Sir

I am currently in the process of revising the Guidelines for Drug Trials in Migraine of The International Headache Society. While browsing the literature for information on the placebo response in migraine randomised clinical trials (RCTs), I read with interest the extensive meta-analysis on this subject published by Macedo et al. in the European Journal of Clinical Pharmacology [1]. There is, however, one fundamental misunderstanding in this article, namely, the definition of headache relief. These authors state that headache relief is a 50% reduction in pain [1]. The RCTs used the standard that all migraine sufferers should have moderate or severe headache pain before drug administration and that headache relief, as defined by Glaxo [2], was a decrease in headache pain from moderate (2) or severe (3) to none (0) or mild (1) at 1 h (subcutaneous sumatriptan) or 2 h (oral and intranasal triptans) post-drug administration. Therefore, successful headache relief could be assessed as 3–0, 3–1, 2–0, or 2–1.

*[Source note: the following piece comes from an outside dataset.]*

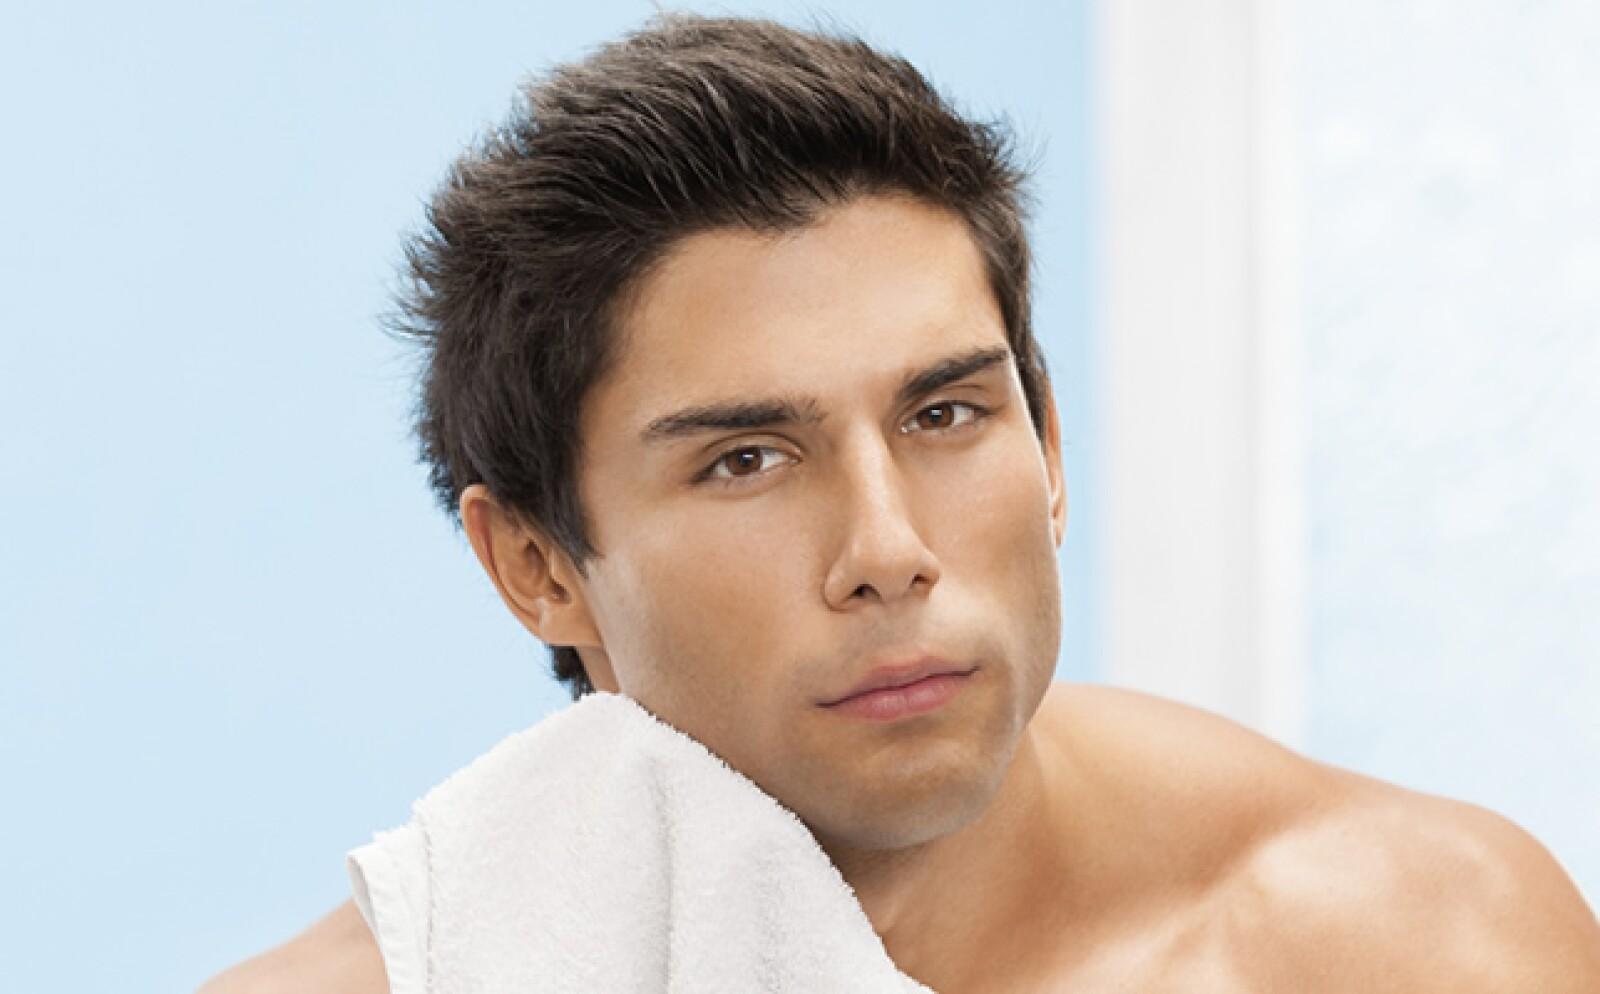 Lava, esta vez con agua fría y palmaditas, para eliminar la crema, refrescar la piel y cerrar los poros. Seca con una toalla.

The placebo response depends on many factors, such as study design, route of administration, and cultural elements (for example, Europe vs. North America [1]. In addition, an important determinant factor could also be whether the patients are treated as in-patients in headache clinics or whether they self-administer at home. In one crossover RCT in which a subcutaneous autoinjector with sumatriptan 6 mg was used to treat migraine, patients were recruited from general practice and treated migraine attacks at home. Headache relief was 61 and 6% at 60 min after the administration of the active drug and placebo, respectively [3]. The therapeutic gain (TG) was 55% (95% confidence interval 44–65%). Thus, the result obtained with the placebo was extremely low, but the TG was similar to the TG of 49 [1] and 51% [4] reported in meta-analyses.

Finally, there is an increasing tendency to use pain free at 2 h as the primary efficacy measure in RCTs on acute treatment migraine [5], and pain free is what the migraine patients want to be [6].